## [What needs to be done]
Within the entries below, please return exactly the lines from the one with "Emma Stone Hd Wallpaper - WallpaperSafari" through the one with "idamari_orvar-earrings-silver-feature_just-fashion_1.jpg", leaving out any pictures.

## [Data shown]
•••••

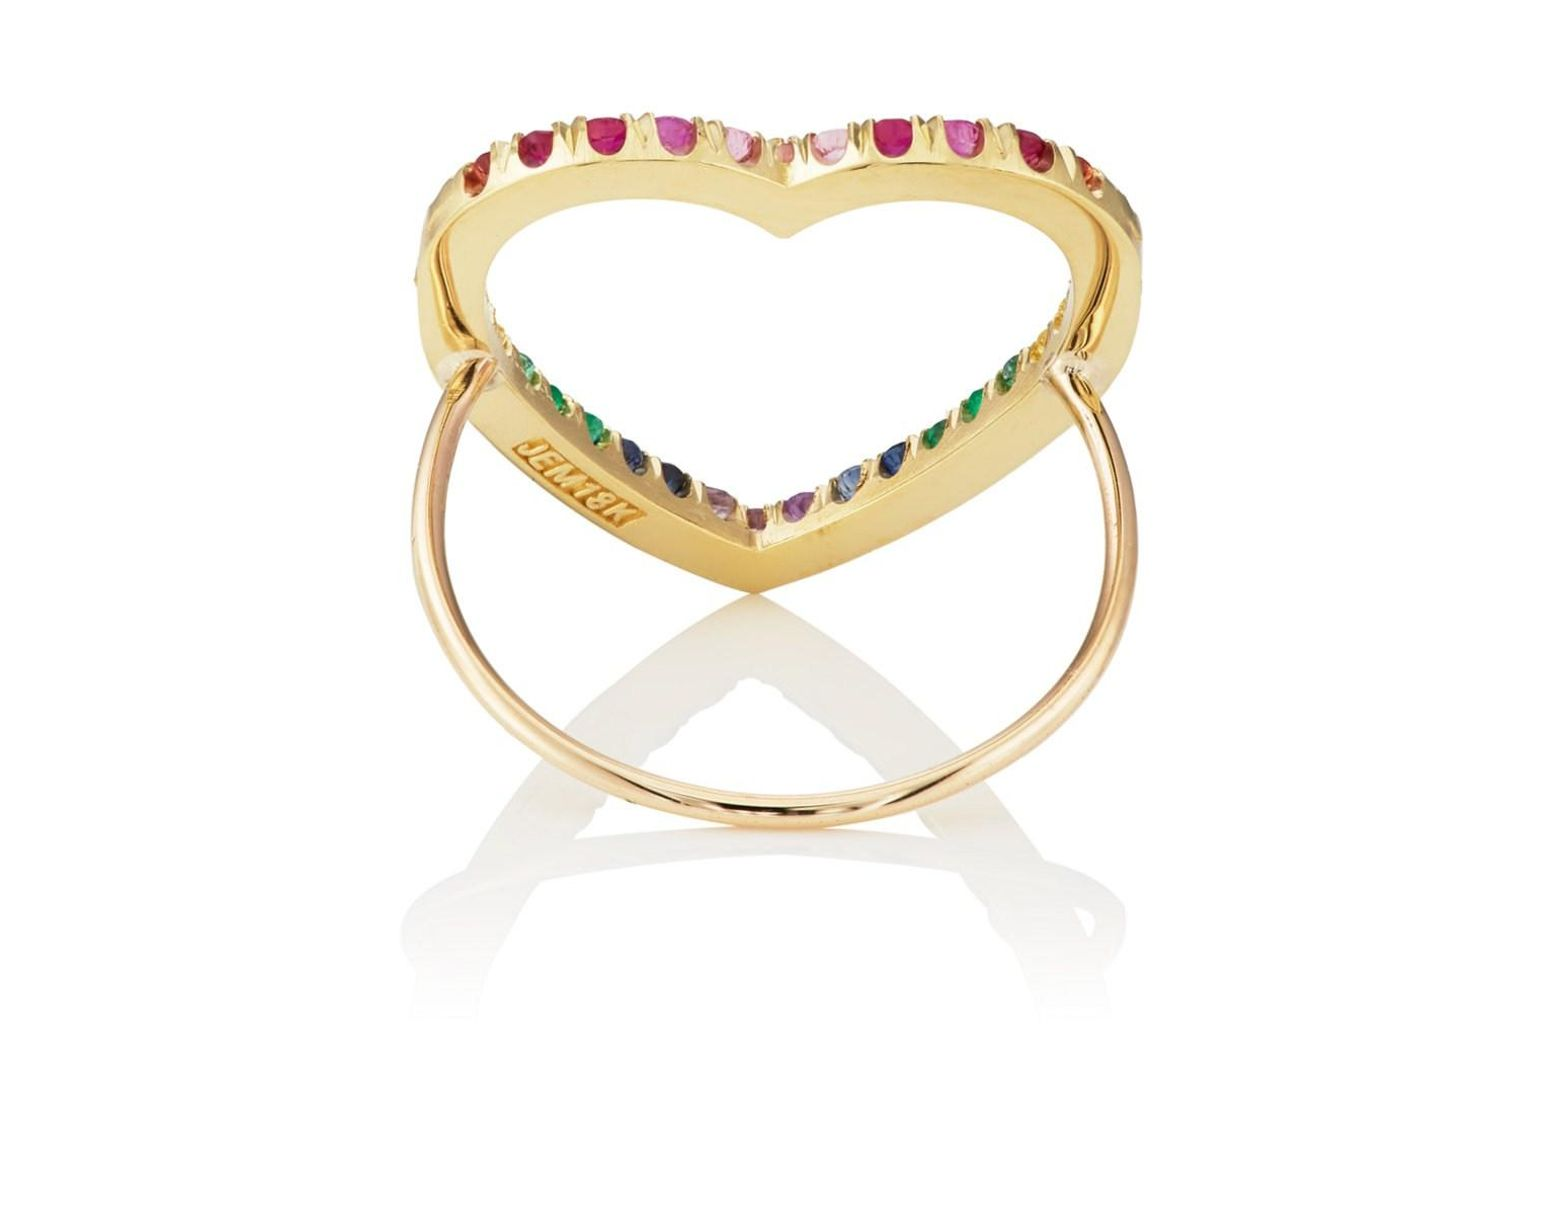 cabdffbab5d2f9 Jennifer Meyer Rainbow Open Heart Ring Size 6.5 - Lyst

•••••

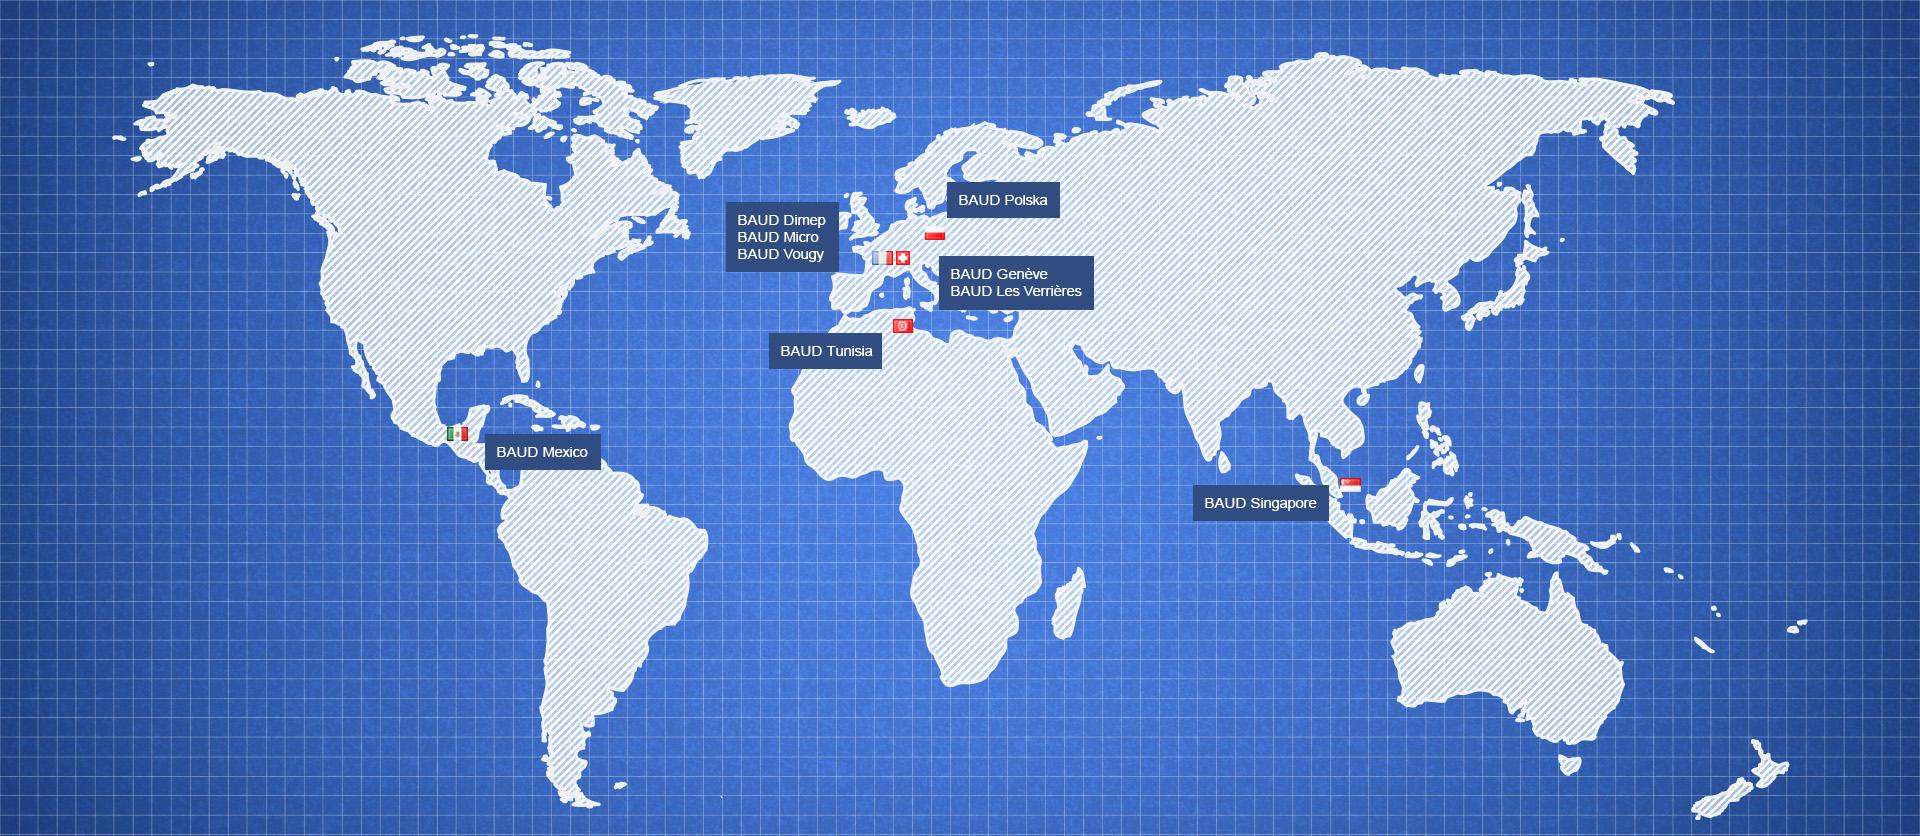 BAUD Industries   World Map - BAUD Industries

•••••

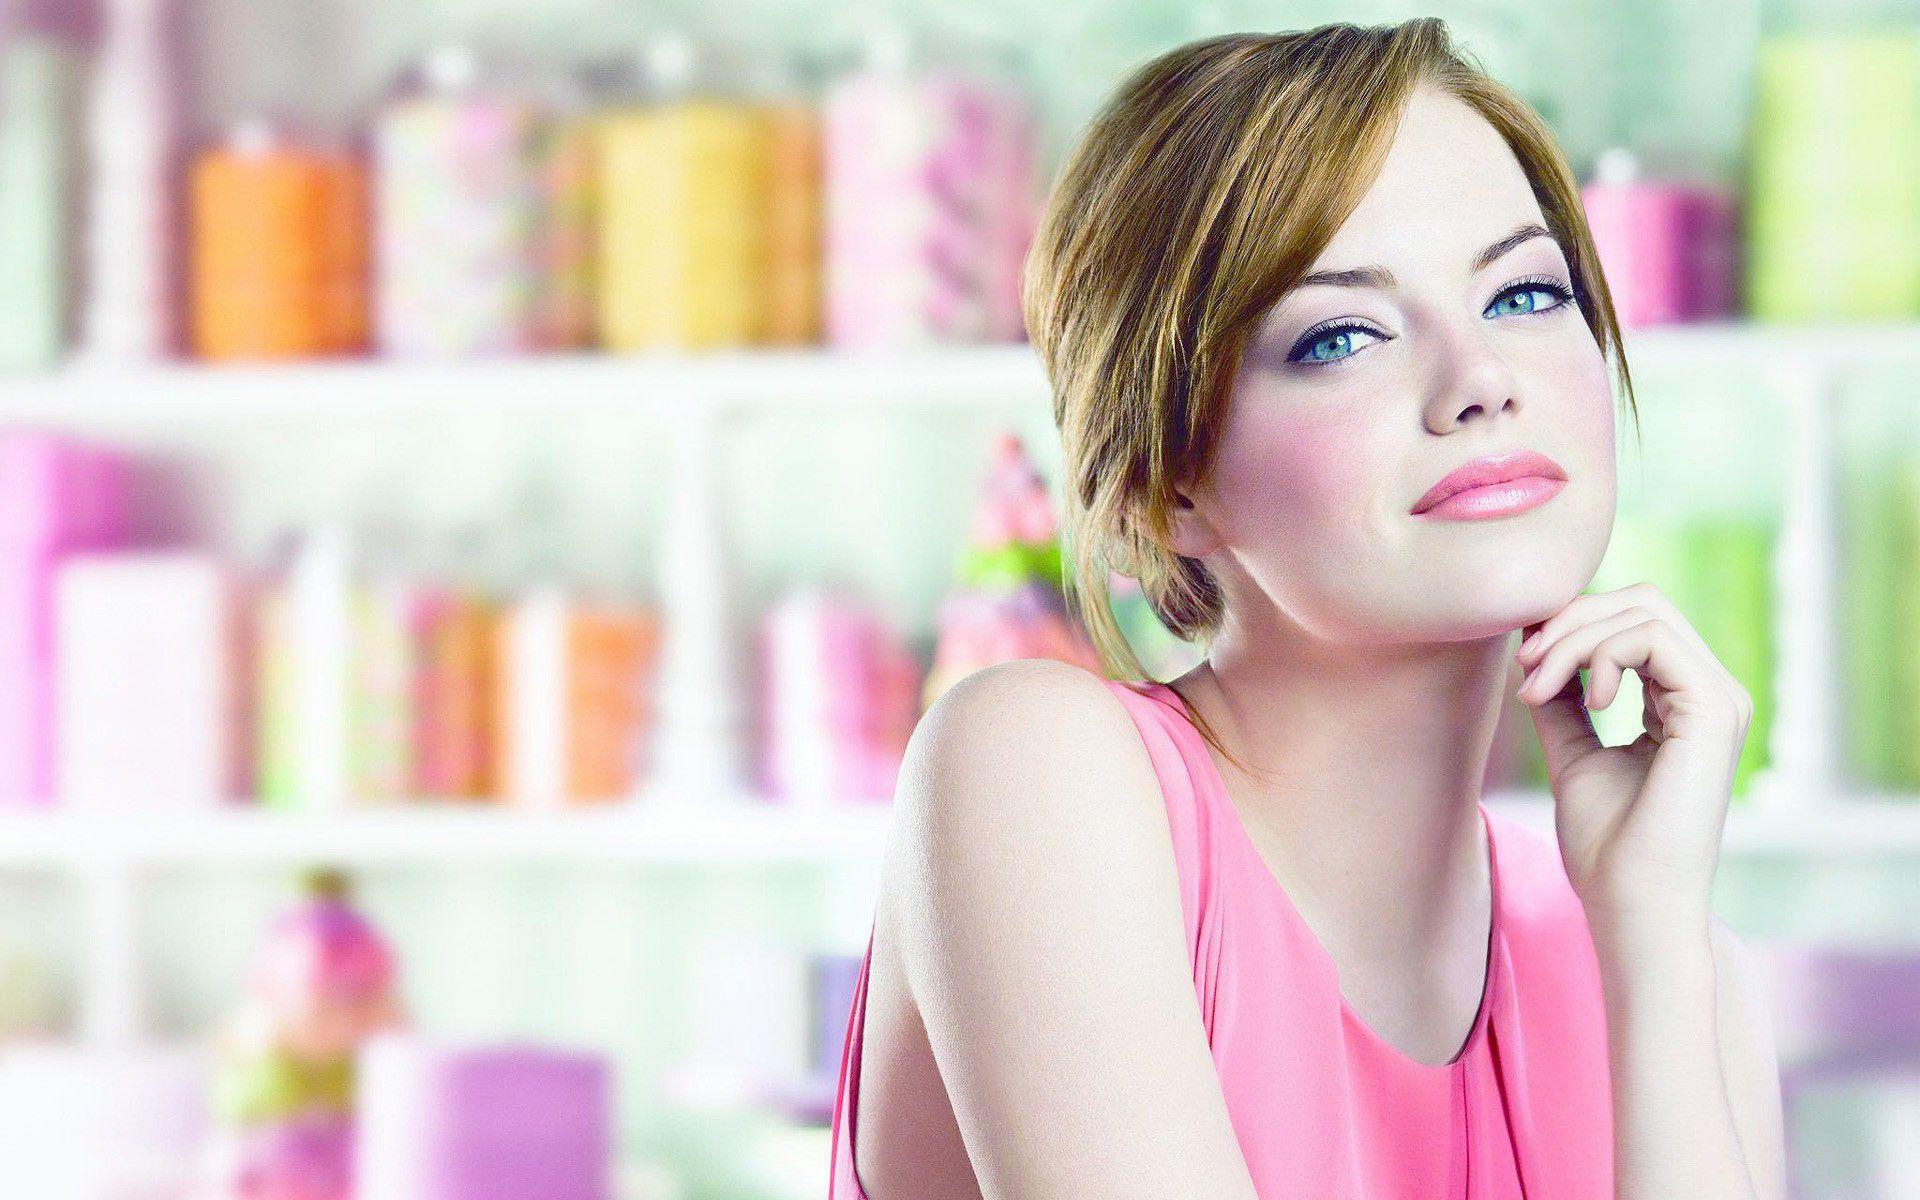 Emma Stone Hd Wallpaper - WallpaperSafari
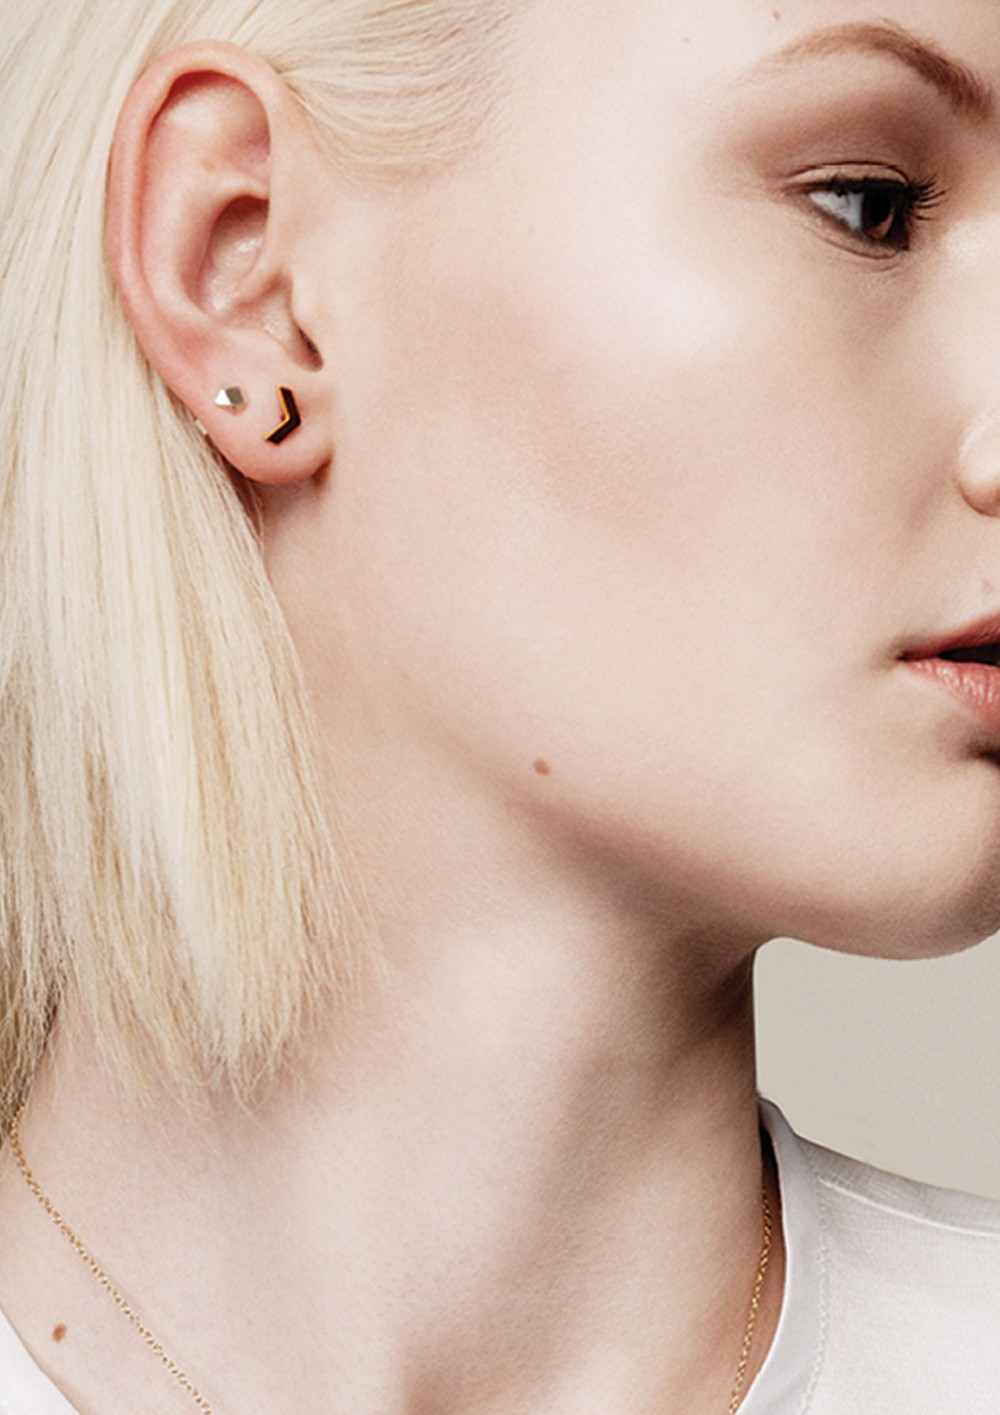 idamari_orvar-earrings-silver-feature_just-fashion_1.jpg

•••••

## [Output for this exercise]
 Emma Stone Hd Wallpaper - WallpaperSafari
 idamari_orvar-earrings-silver-feature_just-fashion_1.jpg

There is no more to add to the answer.